What to do: Repeat only the lines below from the one containing "Nikon 35 mm camera and accessories, Untested" through the one containing "Values can set", inclusive, exactly as written.

Recorded data:
"""

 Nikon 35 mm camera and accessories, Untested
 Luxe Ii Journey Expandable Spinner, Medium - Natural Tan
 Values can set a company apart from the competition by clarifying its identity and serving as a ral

"""
"""

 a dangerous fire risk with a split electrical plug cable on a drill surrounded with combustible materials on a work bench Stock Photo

"""
"""

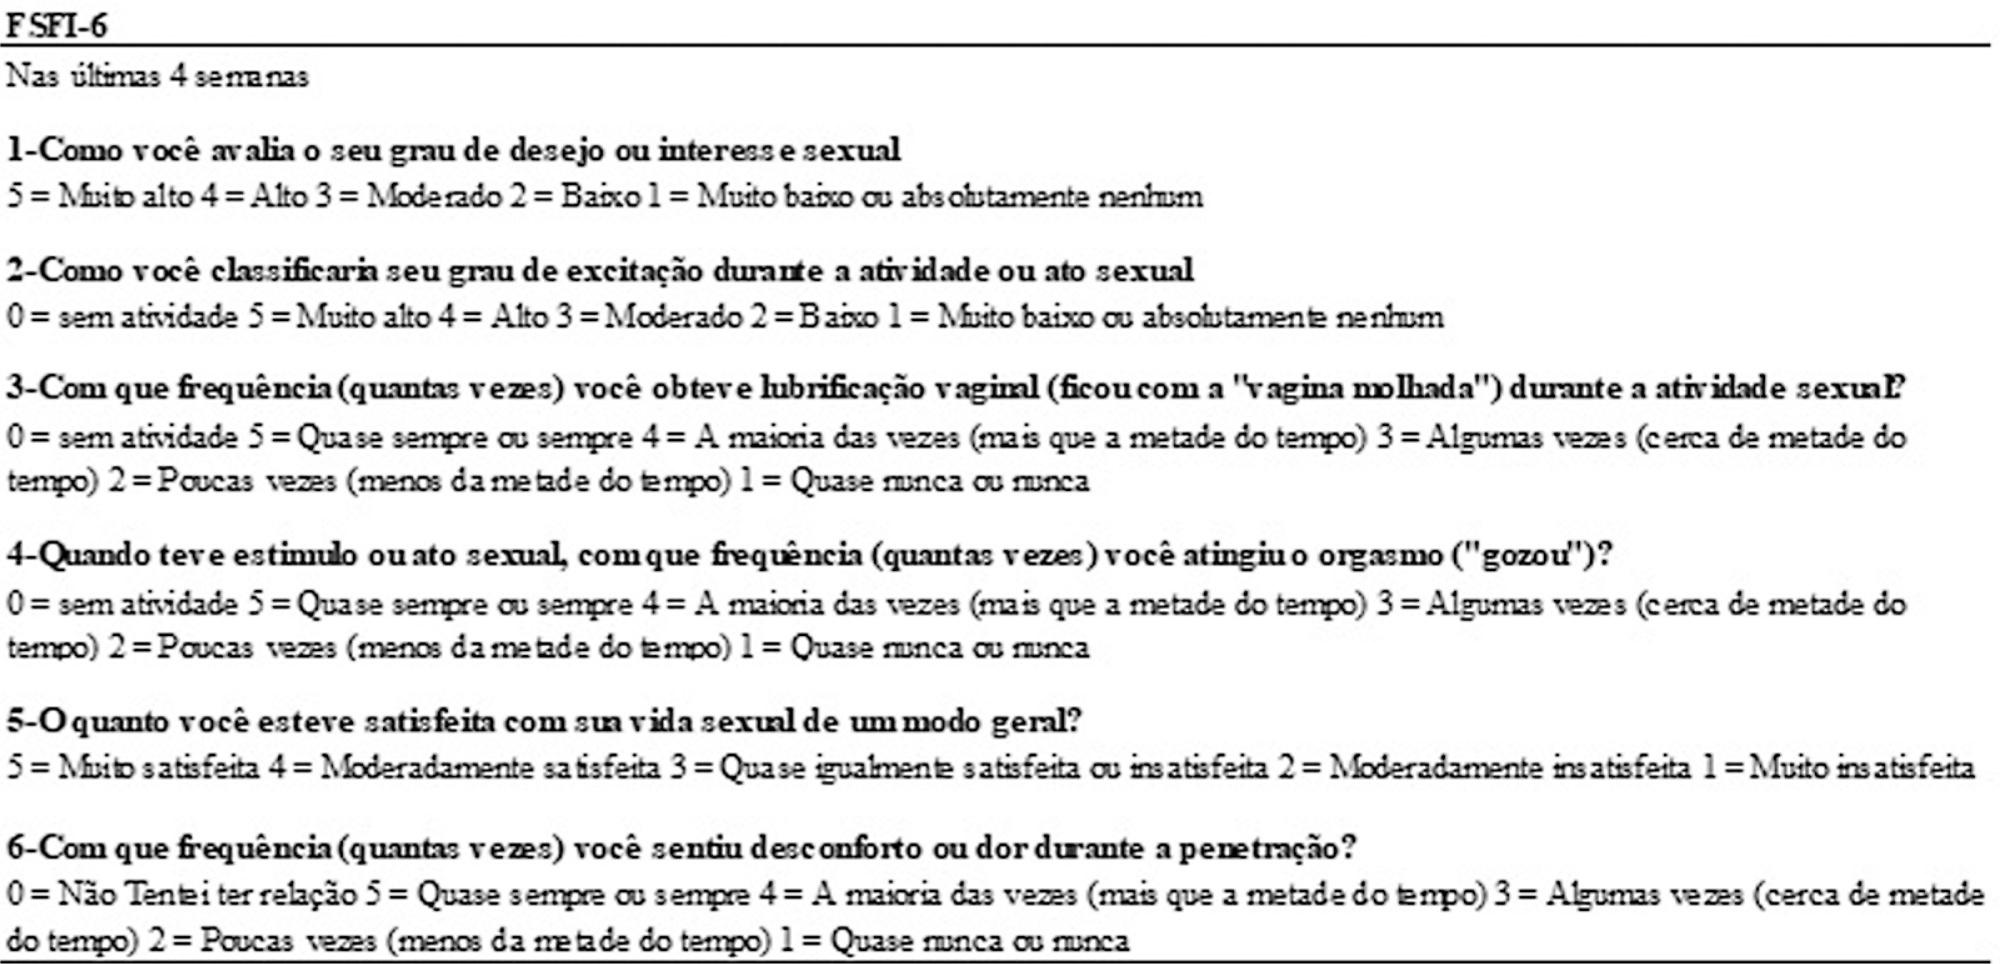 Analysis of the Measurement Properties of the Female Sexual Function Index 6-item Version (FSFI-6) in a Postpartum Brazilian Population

"""

Result below:
 Nikon 35 mm camera and accessories, Untested
 Luxe Ii Journey Expandable Spinner, Medium - Natural Tan
 Values can set a company apart from the competition by clarifying its identity and serving as a ral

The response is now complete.